Ogunquit means beautiful place by the sea and when you visit, you'll understand why. Its fine sand beaches, art galleries, and summer theater have made Ogunquit a popular artist's community. Liberal attitudes and a respect for diversity assure that all who visit are welcome. Accordingly, beginning in the early 1900s, Ogunquit has become a destination for LGBT tourists, and features several gay owned hotels, restaurants, bars, theaters, and shops - most in the "Village" area of the town. 

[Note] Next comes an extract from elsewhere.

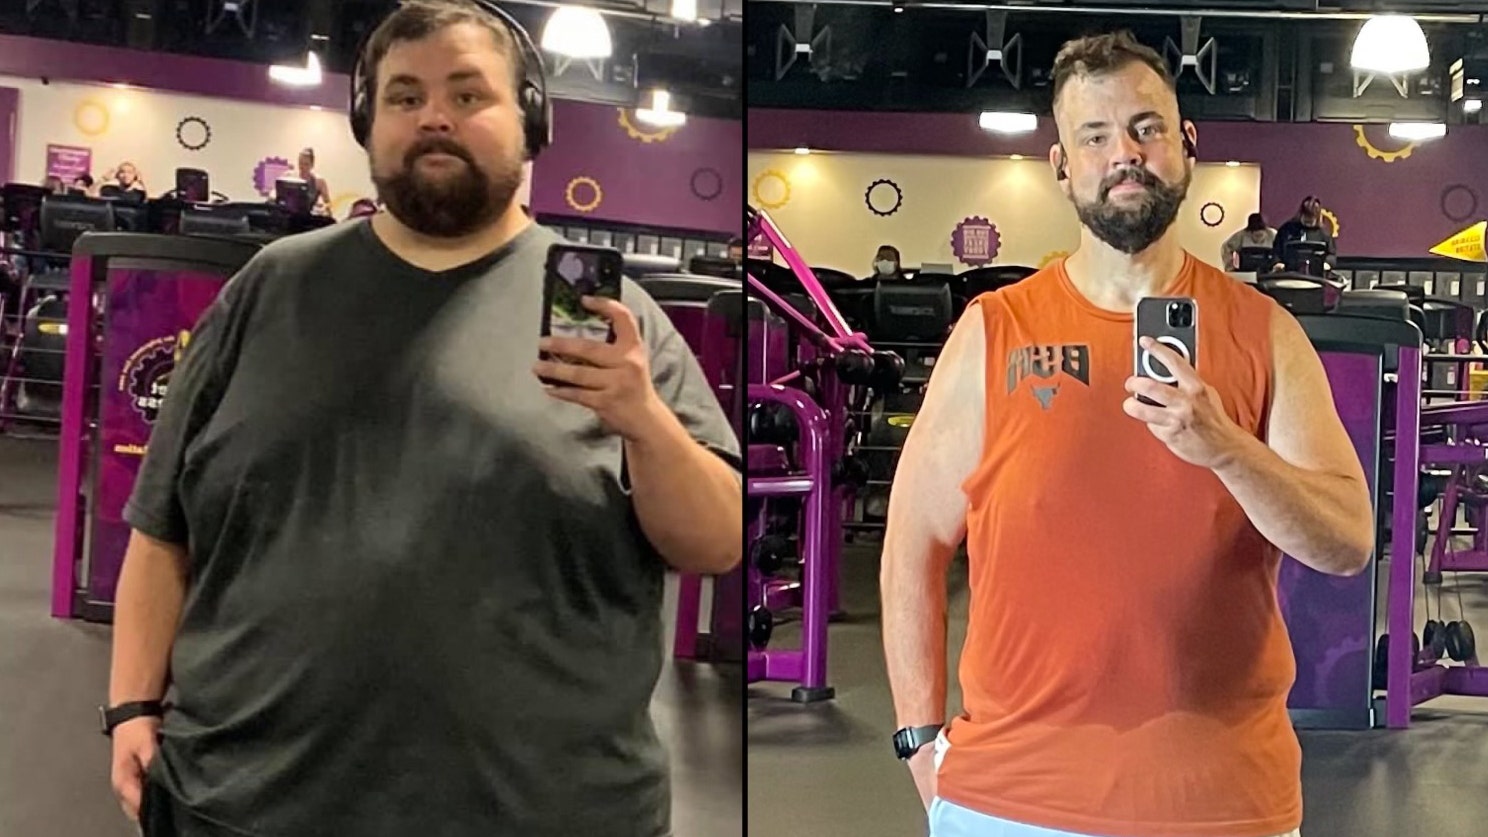 Man’s viral 240-pound weight loss transformation: ‘Anything's possible’

Ogunquit is by all accounts a vibrant seasonal resort town, having separated from Wells in 1980, but has retained its charming qualities where one can enjoy simple pleasures at a peaceful pace. There is no better way to unwind and feel refreshed than to stroll along the "Marginal Way", a mile-plus walkway embracing the village of Ogunquits rocky cliffs. The spectacle of the sea and the rolling Atlantic is mesmerizing. This quaint little village has something to offer everyone, from countless fine restaurants, an abundant selection of gift shops, cozy inns and guesthouses, and art galleries, to performing arts theaters, including the Ogunquit Playhouse that attracts star-name entertainment. Visitors can enjoy sailing, deep-sea fishing, whale watching, or kayaking. You will feel refreshed and uplifted after vacationing at Ogunquit, suitably called by the native Indians, "beautiful place by the sea".

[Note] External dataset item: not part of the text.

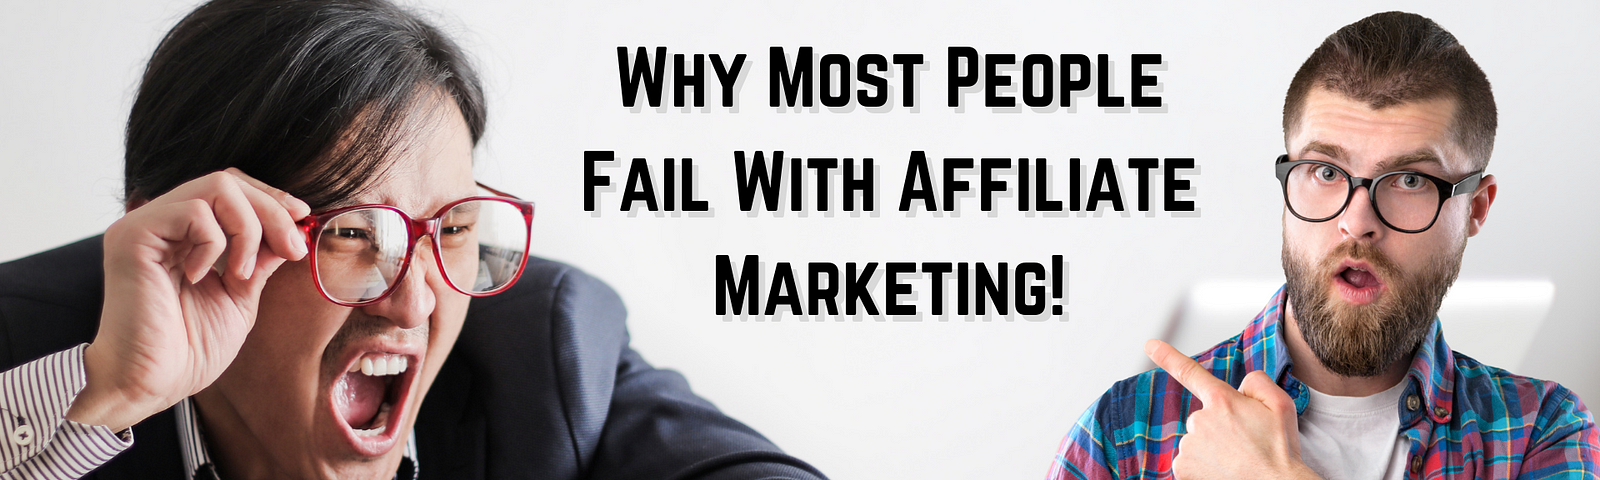 this is why most people fail with affiliate marketing

  • Ogunquit, the Indian translation of "beautiful place by the sea", was first a village within Wells, Maine, settled by the English in 1641. Fishing was the major means of livelihood. The first sawmill was established in 1686, and shipbuilding was developed. 
  • Trading vessels traveled to Boston and the Caribbean laden with firewood and lumber, returning with sugar, molasses, rum and salt. In 1888, a bridge was built across the Ogunquit River, and the weatherbeaten and picturesque little village of Ogunquit, and vast stretch of pristine beach with glistening white sand, became an "artist paradise" and tourist area. 
  • By the end of the 19th century, Ogunquit had become a well-established artist colony.